American Political Systems, Essay Example
The American Political system has a clear definition based on the some basic documents, the declaration of Independence and the constitution which is the foundation of United States federal government. United States establishment as an independent political entity is all based on declaration of independence while on the other hand the Constitution builds the major structure of the federal government. The system for making policy establishes very expected results, and among them are the very fundamentals of politics that so many Americans find undesirable. Consider the effects of four constitutional provisions on how U.S. makes policy.
The separation of powers: this has at least two important results. First, the president and Congress will be competitors, even when they are from the same political party. The White House and Congress will compete for power over the policies and personnel of the government. Stalemates will be the rule, not the exception, and they will only be overcome by a national crisis, a powerful tide of public opinion, or tough political negotiating. For example, if the president wants to cut the debt by reducing spending and Congress wants to cut it by increasing taxes, a political standoff will occur, as happened during much of the Reagan and Bush administrations and during Clinton’s first term. Second, members of Congress will first and foremost represent their districts and states. Practically no bill will become a law except if it is first regulated to reflect the varying demands of local constituencies. A president might object that congress members work to obtain unwanted benefits for instance roads, parks, bridges and etc… for their districts. Calling it “port-barrel politics” doesn’t change that vital political actuality.
Federalism: the states have an independent political rank. This is why, it is very hard to have a truly “national” policy on anything. And even when we do have a national policy, the states play a big role in applying it. For example, the states have significant responsibility for implementing pollution control programs and building big highways, whereas most of the money comes from Washington. And they play the dominating role in schooling, law enforcement, and land-use controls and pay most of those bills.

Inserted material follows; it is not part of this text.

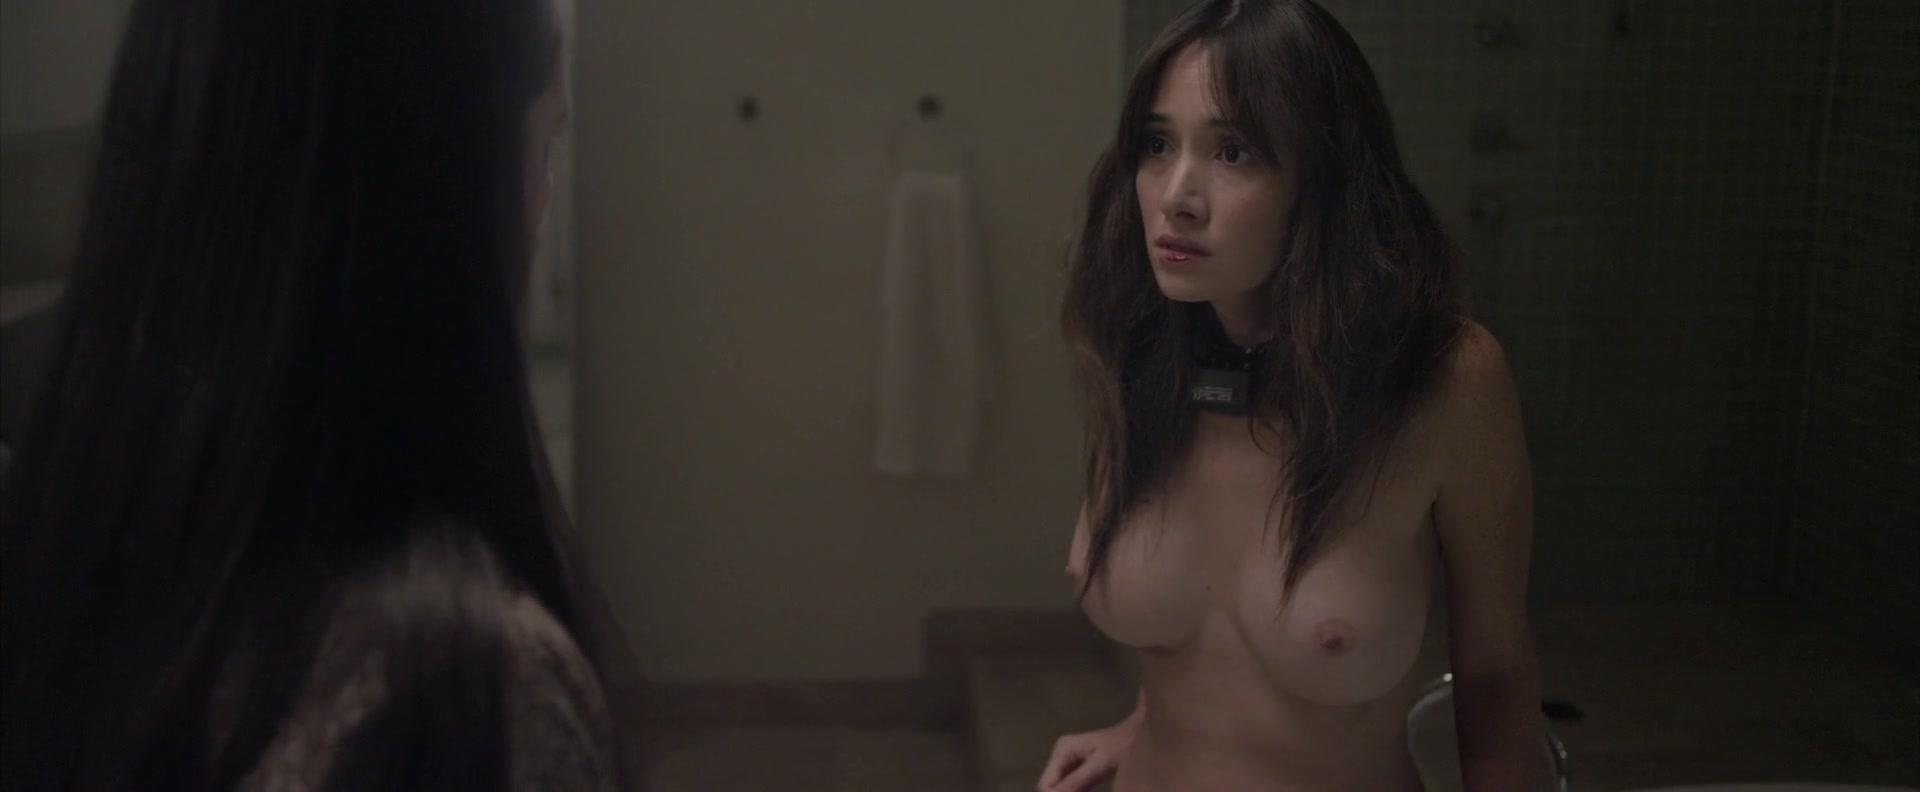 Sara malakul lane nude

Judicial review: the federal courts can mention an act of president or Congress unconstitutional and can identify suits brought by people arguing either that a federal agency has exceeded its legal authority or that it has not done all the law requires. The courts have clearly played a important role in racial integrating and civil liberties cases, but they also play an important, though less noticeable, role in implementing laws affecting the environment, occupational safety and healthy, and highway construction.
Freedom of speech and assembly: the first Amendment ensures the right of individuals to speak their minds and lobby their senators and representatives. This right cannot be protected for individuals and denied to groups; after all, groups are just collections of likeminded individuals. As a result, placing any meaningful restrictions on the activities of lobbyists is next to impossible.
When we add together the impacts of these four components of our Constitution, we get a specifically American system of policy making. Though it has many unique features, the best word to describe our system of government is adversarial – that is, a system that encourages involvement by people who have an compensation to fight rather than cooperate. . Freedom of speech shields each person’s right to engage; the separation of powers and federalism means any engagement can normally find a political ally; the decentralized structure of congress facilitates each member an incentive to call attention to himself or herself by making speeches, taking positions, and attacking adversaries; and an interstate highway system, passed a set of civil rights laws, started the Medicare program for the elderly, implemented a series of increasingly severe environmental laws, explained outer space, deregulated the airlines, researched outer space, waged and won a forty five year cold war against the former Soviet Union, and maintained a level of economic growth and freedom most effective to make millions of people from all parts of the world want to immigrate to this country. It paid a price, of course, for all of this: higher than average taxes, more rules, and new groups to change (Cook, 1976).
Ever since our hard political system forms it easy for all kinds of people and groups to manage at least some power, we should not expect policies to get made in only one way. If we had a a lesser amount of participatory, less adversarial system, it would be much more uncomplicated to explain policy making. In the United States, everybody gets into the act. Some policies are recommended by the president and passed by Congress; others are proposed by members of Congress and enacted despite presidential objections (congress may override the president’s veto or sufficiently modify the proposal to get him to withhold his veto. When a congressional majority forms around a proposal, it is not always the result of one party (say, the Democrats) outvoting the other (the Republicans); rather, the most often consists of a alliance of Democrats and Republicans winning out over a smaller coalition of other Democrats and Republicans.
Cook, S. (1976). Democracy and Tyranny in America: The Radical Paradox of Bicentennial and Blacks in the American Political System. Journal Of Politics,38(3), 276.